What to produce — The response should consist of the data below, copied exactly, with no pictures in it.

Recorded data —
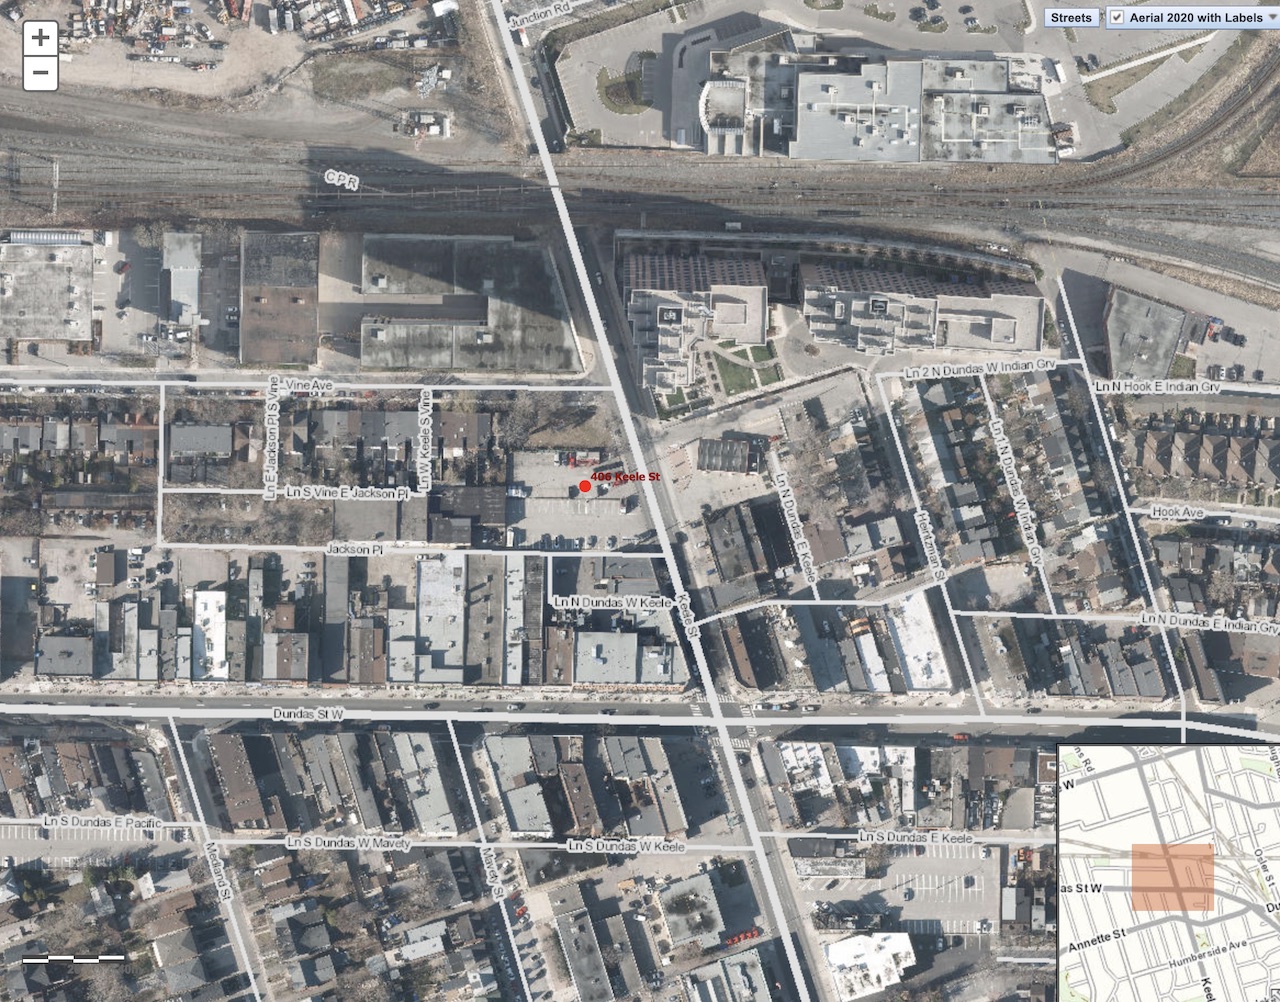 The Stockton, 406 Keele Street, Toronto, image via Toronto Maps V2
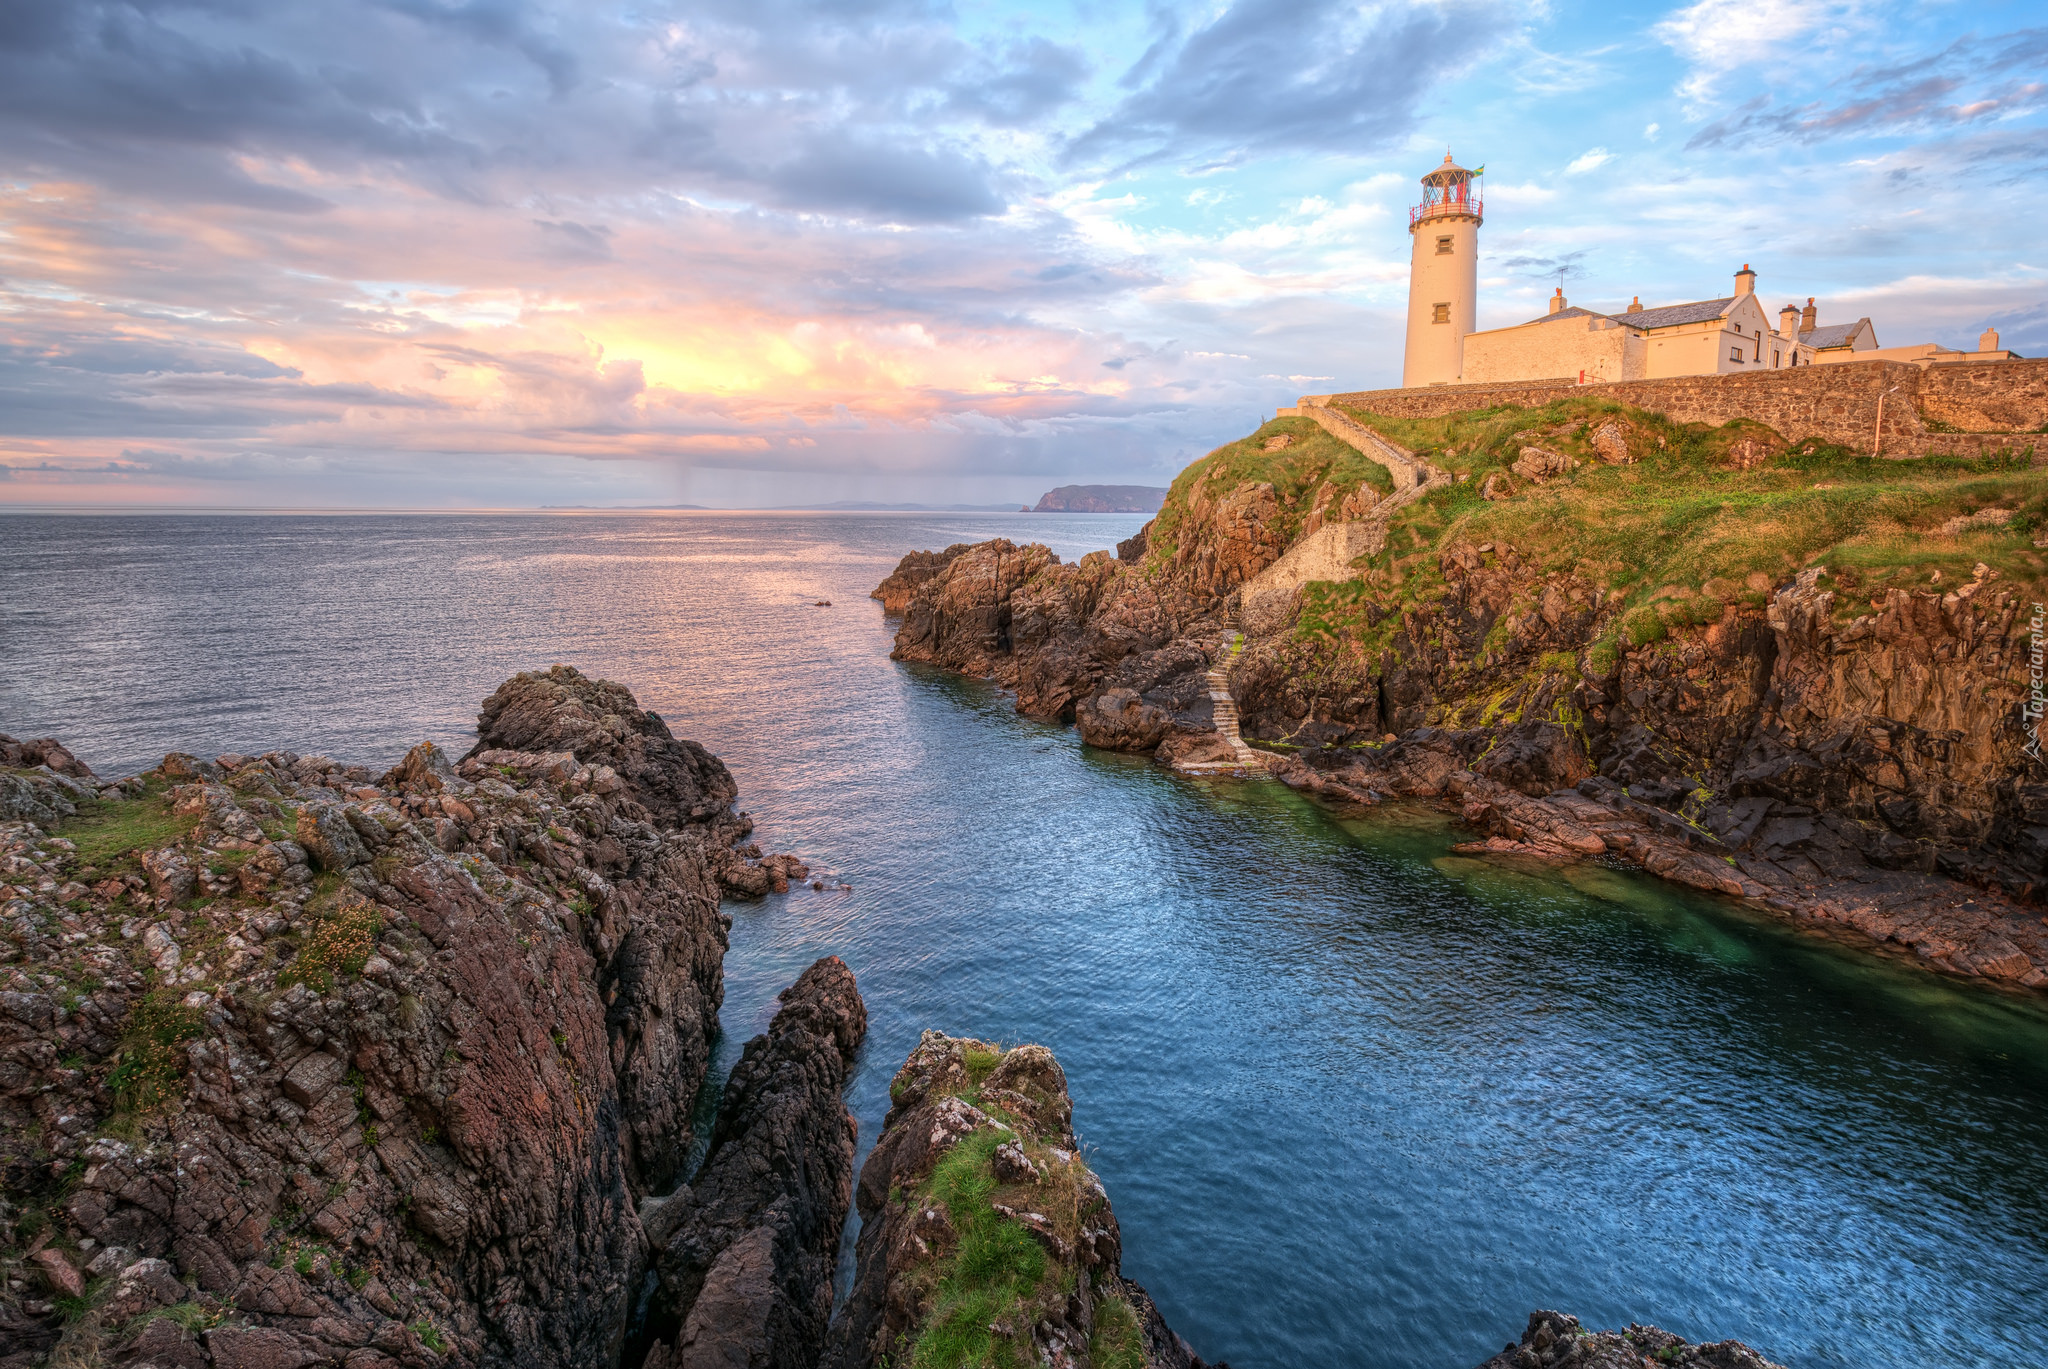 Morze, Latarnia morska Fanad Head Lighthouse, Skały, Wschód słońca, Chmury, Portsalon, Irlandia
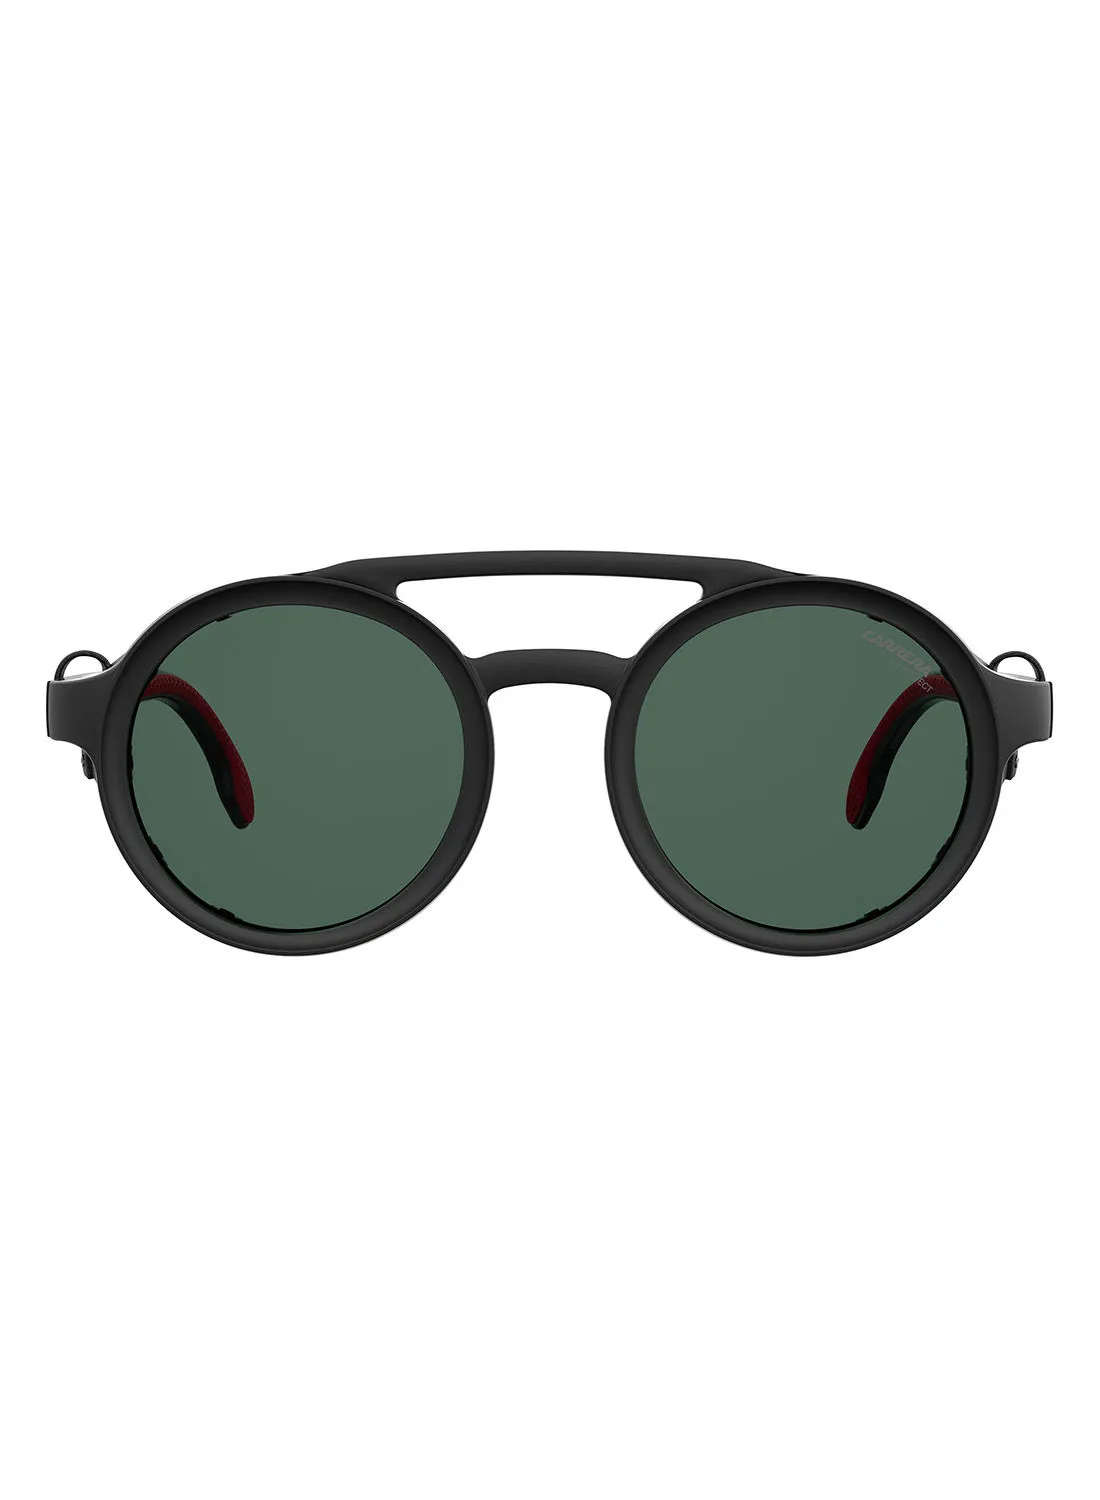 Carrera Round Sunglasses - Lens Size : 49 mm
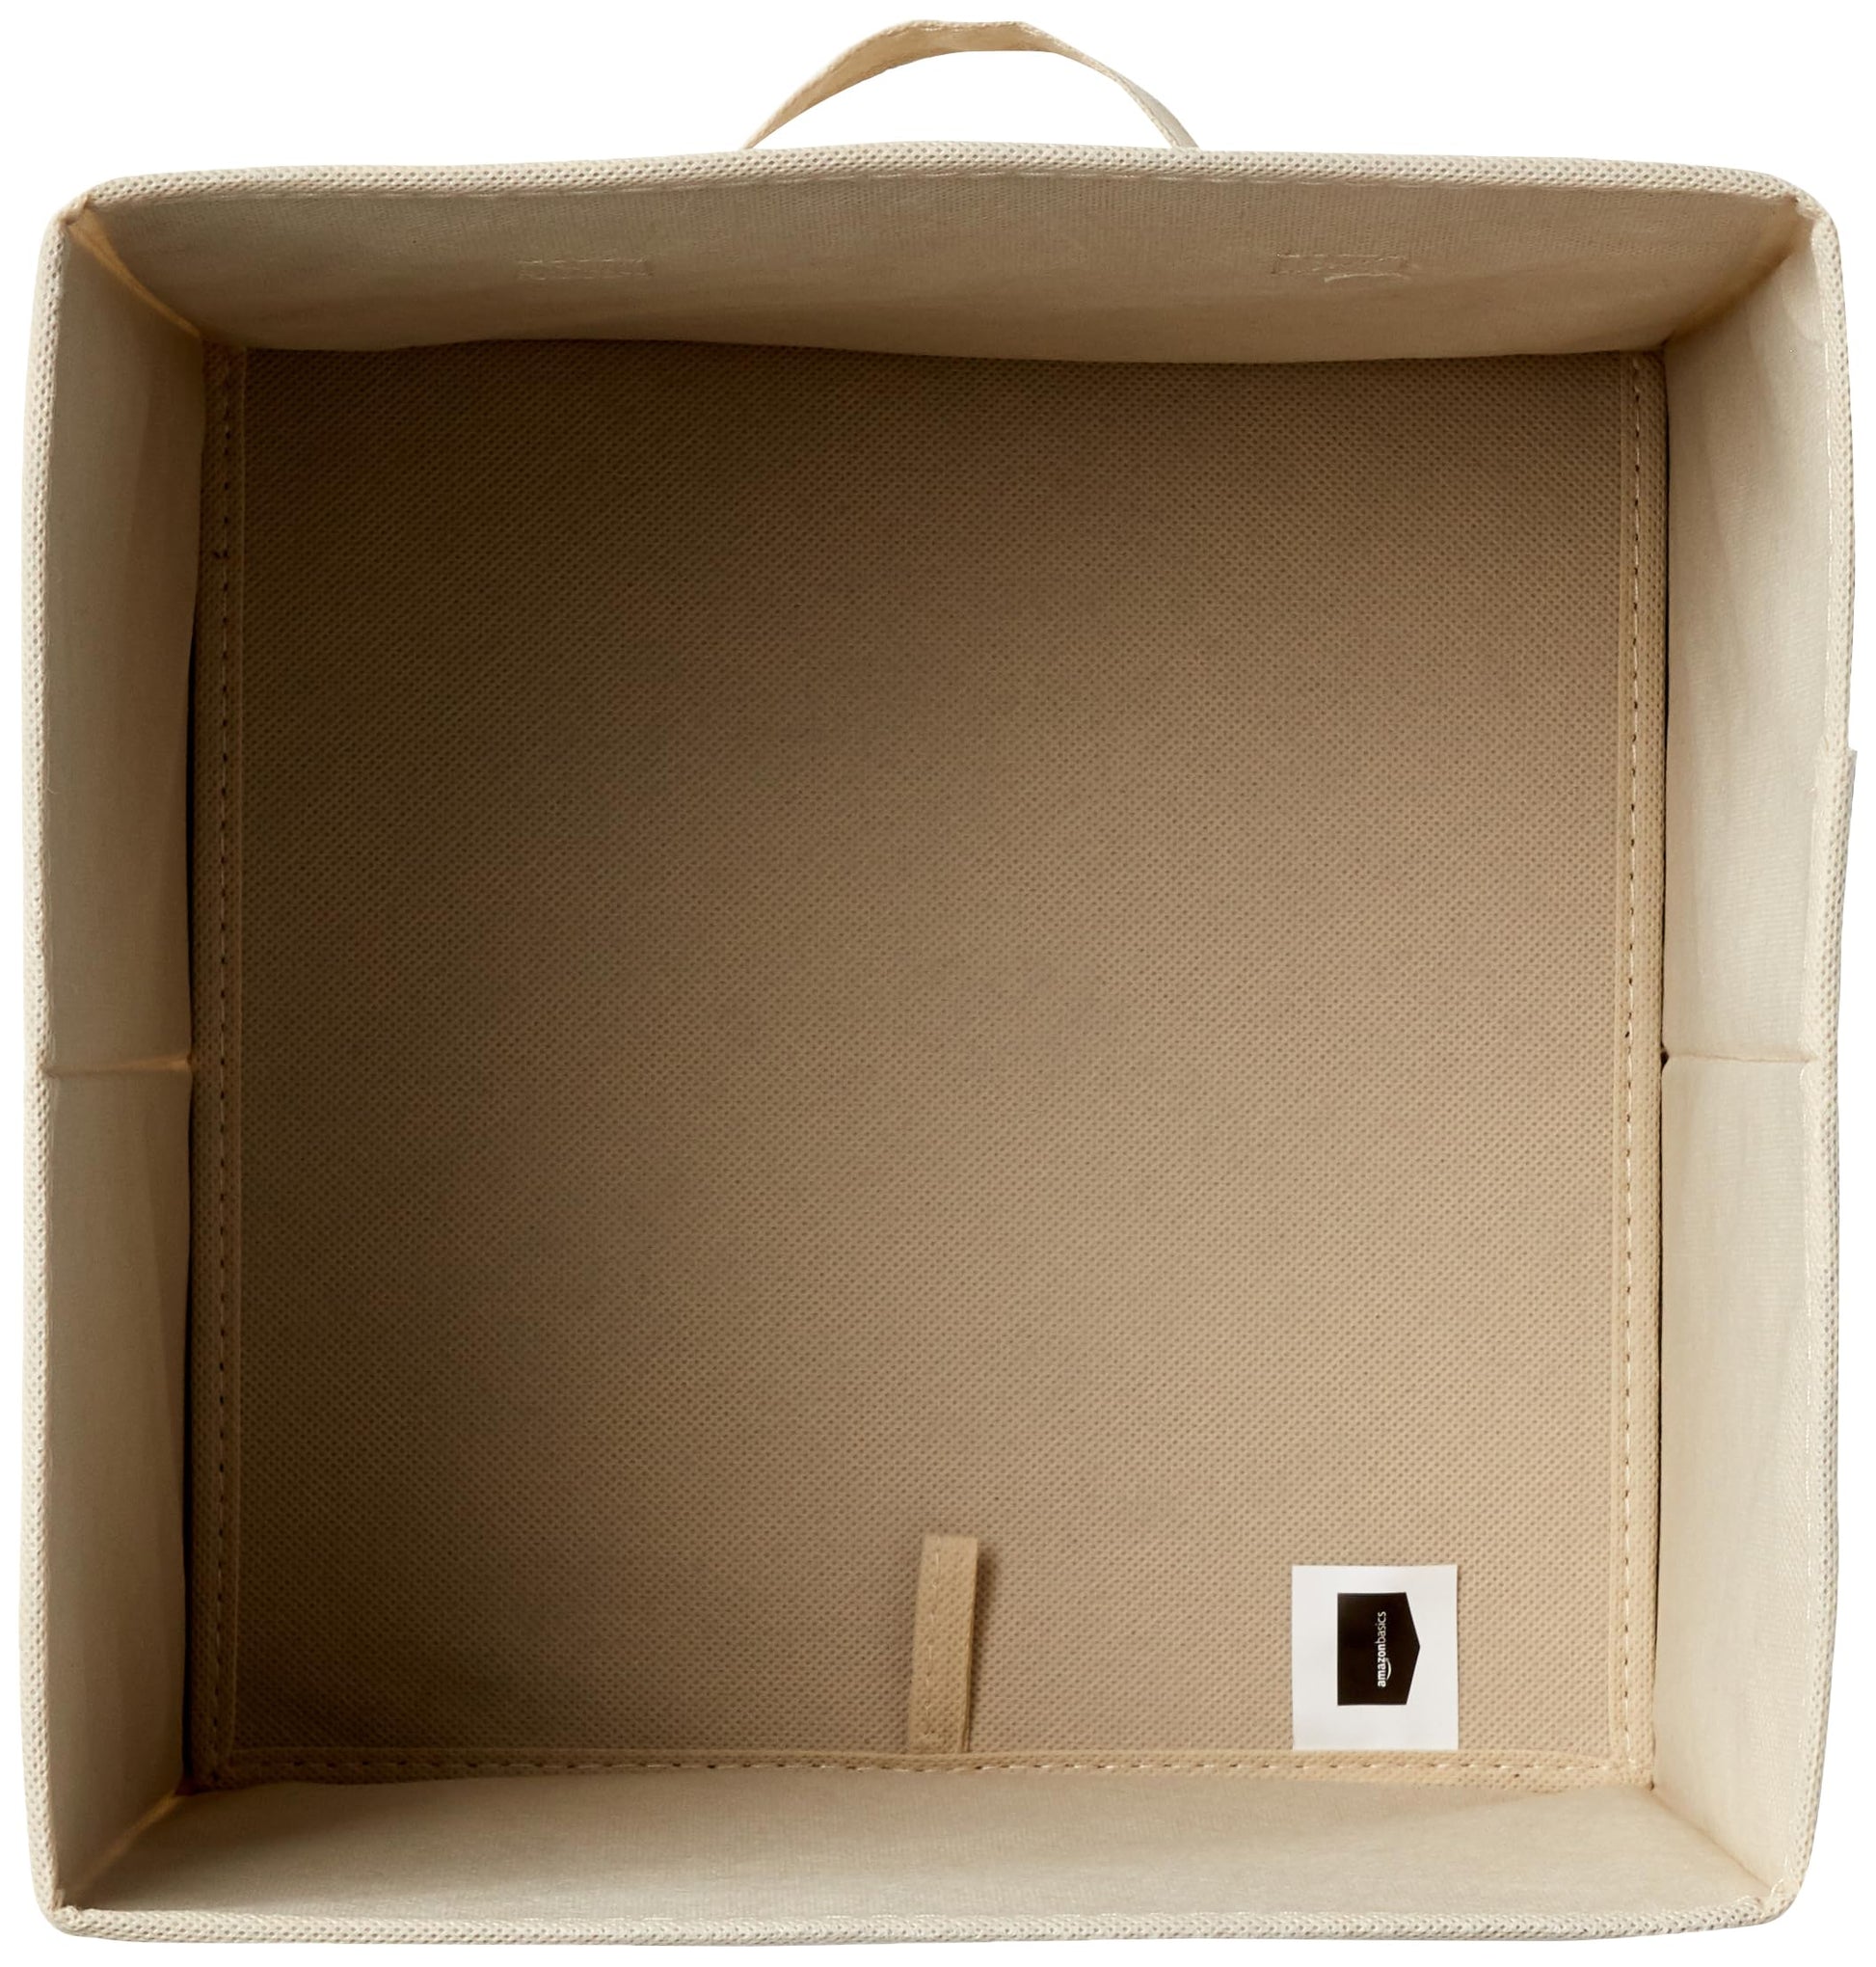   Basics Collapsible Fabric Storage Cube

Response —
 The Stockton, 406 Keele Street, Toronto, image via Toronto Maps V2
 Morze, Latarnia morska Fanad Head Lighthouse, Skały, Wschód słońca, Chmury, Portsalon, Irlandia
 Carrera Round Sunglasses - Lens Size : 49 mm
   Basics Collapsible Fabric Storage Cube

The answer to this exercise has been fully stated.